На модерации Отложенный
(Глава (отступление) из моей книги "Василиск: странная повесть о сексе и Dasein", СПб, "Алетейя", 2009)

Как трудно, почти невозможно выразить тот пестрый клубок ощущений, образов, чувств, ликов, который разматывается в моей душе… то, что когда-то было близко, любимо, страшно, ненавистно… те, кого любил и ненавидел, кем играл и от кого зависел… те, кому причинял страдания, и те, от которых страдал…. любовь, которая всякий раз оказывалась компенсацией невротической ненависти, страха, зависимости, чего-то, что было незавершено когда-то: в раннем детстве, в утробе матери, в вечном мифе о Великой Богине… борьба за внимание, признание, за место под солнцем… битва каждого против всех… глубочайшее одиночество перед собственным безучастным взглядом, перед собственным сочувствующим взглядом, перед собственным уничижающим взглядом, перед взглядами: насмешливым, испуганным, печальным, гневным, понимающим... Господи, зачем я играю сам с собой в эту безумную игру? - в разматывающемся клубке сознания мелькают глаза, улыбки, гримасы отчаяния и боли, чьи-то слезы… чьи-то безудержные слезы… настоящие ли они, или это тоже часть всеобщего лицедейства?.. беспощадная, обнаженная реальность, разворачиваясь передо мной, врезается в душу тысячами личин, прячущих за собой что-то настоящее; в этот момент я понимаю, что настоящим является все в этой чудовищной, дьявольской игре, то завораживающей, то отвратительной, пьянящей и отрезвляющей, пугающей и скучной… зачем? зачем? зачем?.. я мог бы написать сотню умных ответов, опираясь на тщательно выверенные и проверенные опытом теории, впрочем, противоречащие друг другу, но сейчас все эти ответы – ложь!.. можно смотреть изнутри этого клубка, изнутри экстаза, раздирающей боли, удушающего страха, всепоглощающего интереса и безысходной тоски, можно смотреть снаружи, отстраненно: все эти взгляды равновероятно правдивы и столь же лживы, игра случая, созданная гениальным планом, где все учтено и оплачено… нет, тут явно чего-то не хватает: опять пошли описания, метафоры, а суть, которая, казалось, была наконец схвачена, - в очередной раз ускользнула, обнаженный нерв жизни, пойманной в силки осознания, опять затягивается обезболивающей коркой, и сладчайшая рана перестает кровоточить, душа погружается в привычные сумерки, умиротворяющий полумрак забвения себя… зачем нам всем этот блаженный, чудовищный, отвратительный, пьянящий и завораживающий опыт, который исчезнет некогда в земле или пепле?

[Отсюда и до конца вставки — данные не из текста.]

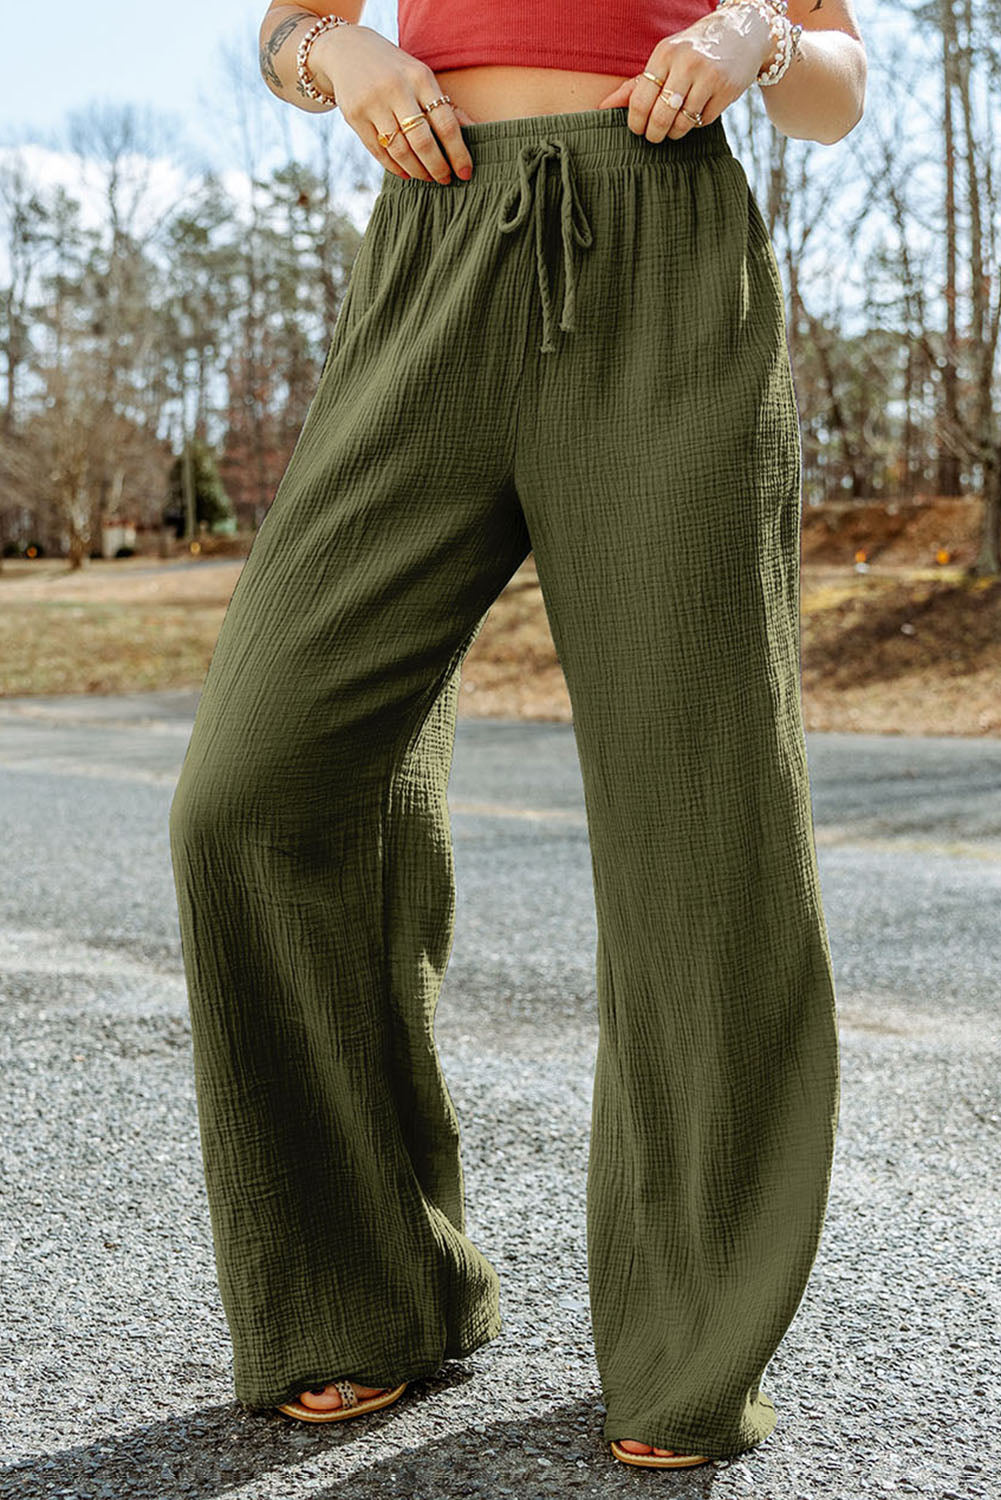 Zelene široke hlače z nagubano teksturo

– он пополнит копилку коллективного бессознательного, обогатит бытие богов, архетипов и духов? – может быть затем ты явился в мою жизнь – Василиск, взломав сотни замков, запретов и предначертанный родителями сюжет бесхребетной и безопасной жизни? – нет, ты явился на мой безотчетный зов, теперь я понимаю это как никогда ясно; так кто же из нас кем играет и игра ли это вообще? Нет у меня ответов на все эти вопросы, обжигающие обнаженные нервы вопросы, которые я истошно выкрикиваю иногда в вакуум собственного сознания, в такие минуты привычный хаос умозаключений, разрозненных представлений о себе и бытии рассеивается, и возникает впечатление, что самое сознание подобно некой фигуре, стоящей на краю бездонной пропасти и беззвучно кричащей в холодную и прозрачную молчаливую космическую бездну, кричащей не потому, что желает слышать ответ, нет, даже известно заранее, что никаких ответов и быть не может, просто нет возможности молчать, и прокричаться, выпустить запертые где-то в потаенных своих уголках слова, чтобы сотрясти пустоту, являясь единственным актером и зрителем-слушателем этой драмы – необходимо: столкнувшись с этим в себе, уже не запихнуть его обратно, в неосознаваемое; как там писал на склоне лет Хайдеггер: «не человек говорит языком, а сам язык проговаривает себя через человека»… что ж, пусть даже так, это ничего не меняет, я вспоминаю замечательные слова, которые язык проговорил через Деда: лучшее, что человек может сделать со своей жизнью, это превратить ее в авантюру, приключение, или, хотя бы, придать ей пафос авантюры – слова эти бодрят меня, и иногда, безмолвно прокричавшись в пустоту молчащего космоса, я следую совету Деда, становлюсь кочевником, не имеющим ничего своего ни внутри ни снаружи, и наслаждаюсь течением жизни несколько дней, а то, бывает, и недель, пока приходящая невесть откуда, вкрадчивая, мягко наваливающая тоска по чему-то совершенно несбыточному, чему-то предельному, окончательному не обнажает нервы, не вскрывает поток вопросов, не имеющих ответа; тогда я подхожу к краю собственной пропасти и кричу, кричу и плачу, ощущая как причащаюсь с этим криком к безжалостной и восхитительной доле человеческой…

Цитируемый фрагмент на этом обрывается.